How about making this --enable-zend-multibyte default option?
Is it possible to port this support for windows too?
And for 4.3.x branch?
Should it be marked open again?



Previous Comments:


[2004-05-25 12:33:30] lapo at lapo dot it

Adding '--enable-zend-multibyte' to latest PHP5 port for FreeBSD for
sure solves the problem:

All files contain:


cyberx [~] $ php /usr/tmp/utf8-bom.php 
à èéìòù
cyberx [~] $ php /usr/tmp/utf8Y-bom.php 
àèéìòù
cyberx [~] $ php /usr/tmp/utf16-bom.php 
àèéìòù
cyberx [~] $ php /usr/tmp/utf16BE-bom.php 
àèéìòù
cyberx [~] $ php /usr/tmp/utf16LE-bom.php 
àèéìòù

Except for "UTF8 without BOM" that is, of course, not distinguishable
from ISO8859-15 (default here), all theother formats are correctly
interpreted and outputted.
(notice that the 'header' instruction prior of the 'echo' one would
stutter with a non-BOM-aware PHP compile).

I wonder if and when this great multibyte support would be available by
default in Win32 compiles, I would really use it for work and am not
willing to but VisualC just to compile that ;-)
(though I'm trying compiling it with cygwin's gcc using '-mno-cygwin'
option, we'll see...)



[2003-11-09 16:12:50] a9c83cd8bb41db324db5b449352f183 at arcor dot de

Thought about it... Now I think it's better when the BOM isn't part of
the output because that would cause trouble if you want to output
images or PDF or something like that...



[2003-11-08 06:45:22] a9c83cd8bb41db324db5b449352f183 at arcor dot de

I think the best would be that PHP recognizes the BOM and outputs it
before it outputs the document (but after the HTTP headers, of course)
so that the document can still be recognized as UTF-8 when it's saved
to disk (where no Content-Type headers with a charset specification are
available).



[2003-10-31 11:12:06] [EMAIL PROTECTED]

I added i18n support to Zend Engine 2 (though it's still partial
one...), and one of its features contain awareness of BOM. So now you
can gracefully parse scripts with BOM if you use PHP 5.0.0b2 and
configure it with the option '--enable-zend-multibyte'.

These features are still experimental and under testing, so that I have
not been documented these but I'll add the entry to the manual,
ZEND_CHANGES and so on if I feel certain of the stability and
robustness of my patch, though I do not know when it is:)

Anyway, I'll close this bug if '--enable-zend-multibyte' option in PHP
5.0.0b2 is assured to work well for this problem.
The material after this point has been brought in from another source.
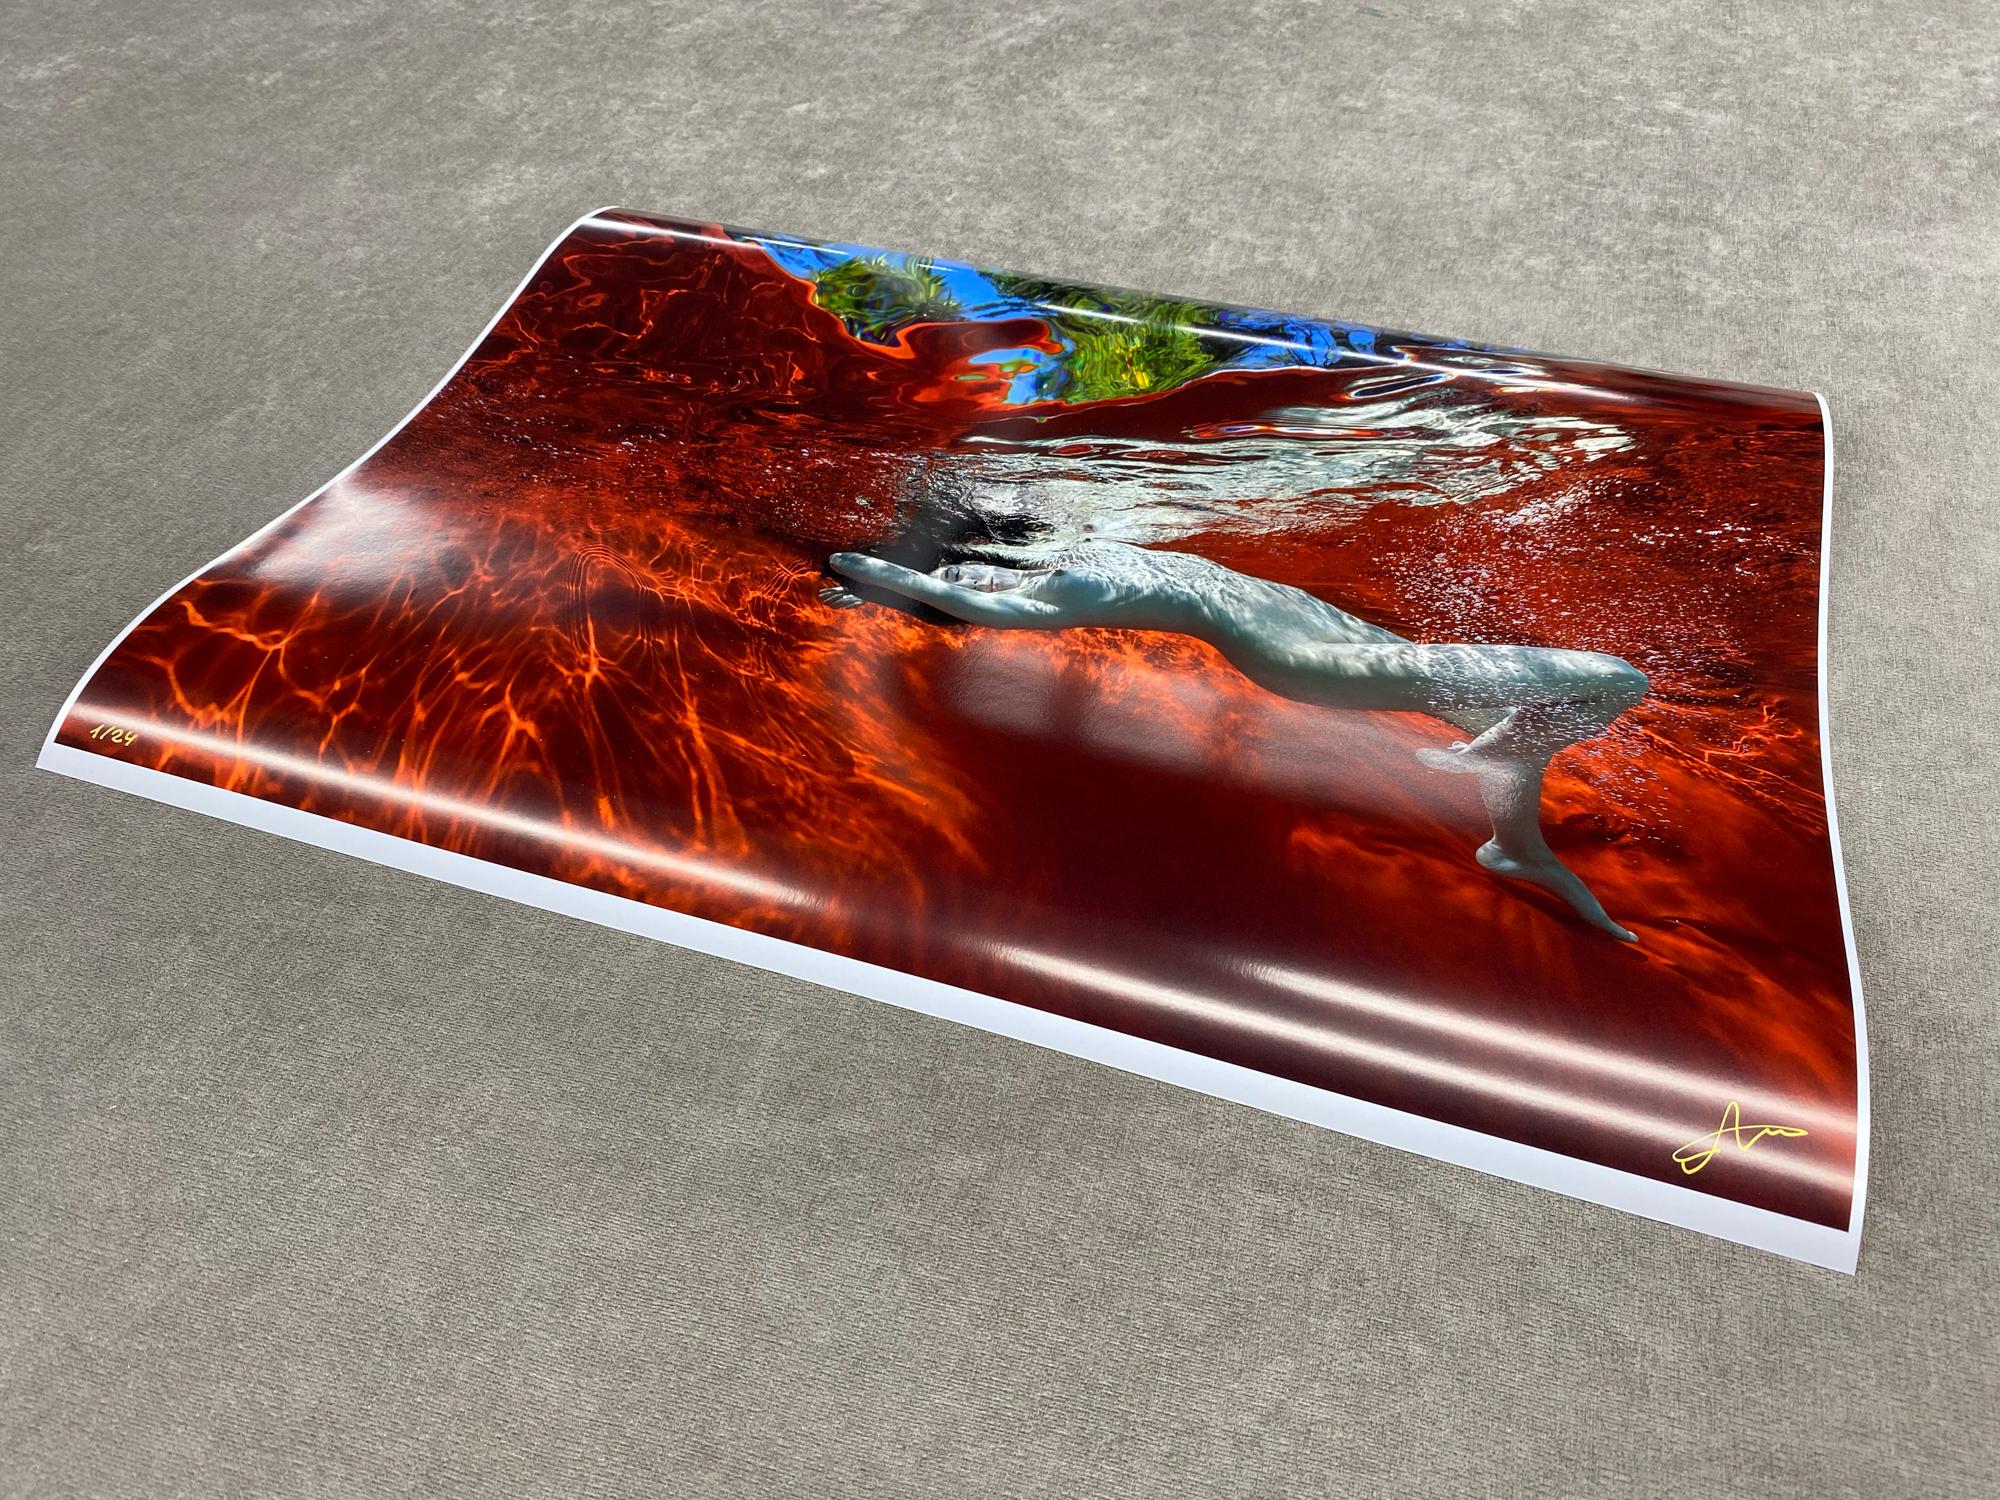 Garten-Garten-Garten-Pool – Aktfotografie im Unterwasser – Druck auf Papier 18 x 24

Comments are welcome.



[2003-02-07 23:13:07] bugzilla at jellycan dot com

The BOM (byte order mark) is a few bytes at the very front of a file
that act as a signature denoting what type of encoding has been used,
and in UTF16/32 it also makes the byte order (LE or BE). Although utf-8
is byte order independent, it has become popular on windows (perhaps not
so on unix) to make use of the BOM encoded in UTF-8 to flag the file as
being in UTF-8 format. This allows editors to determine the type of the
file from the first few characters instead of trying to guess what type
the file is. Ref: Textpad 4.6 (http://textpad.com)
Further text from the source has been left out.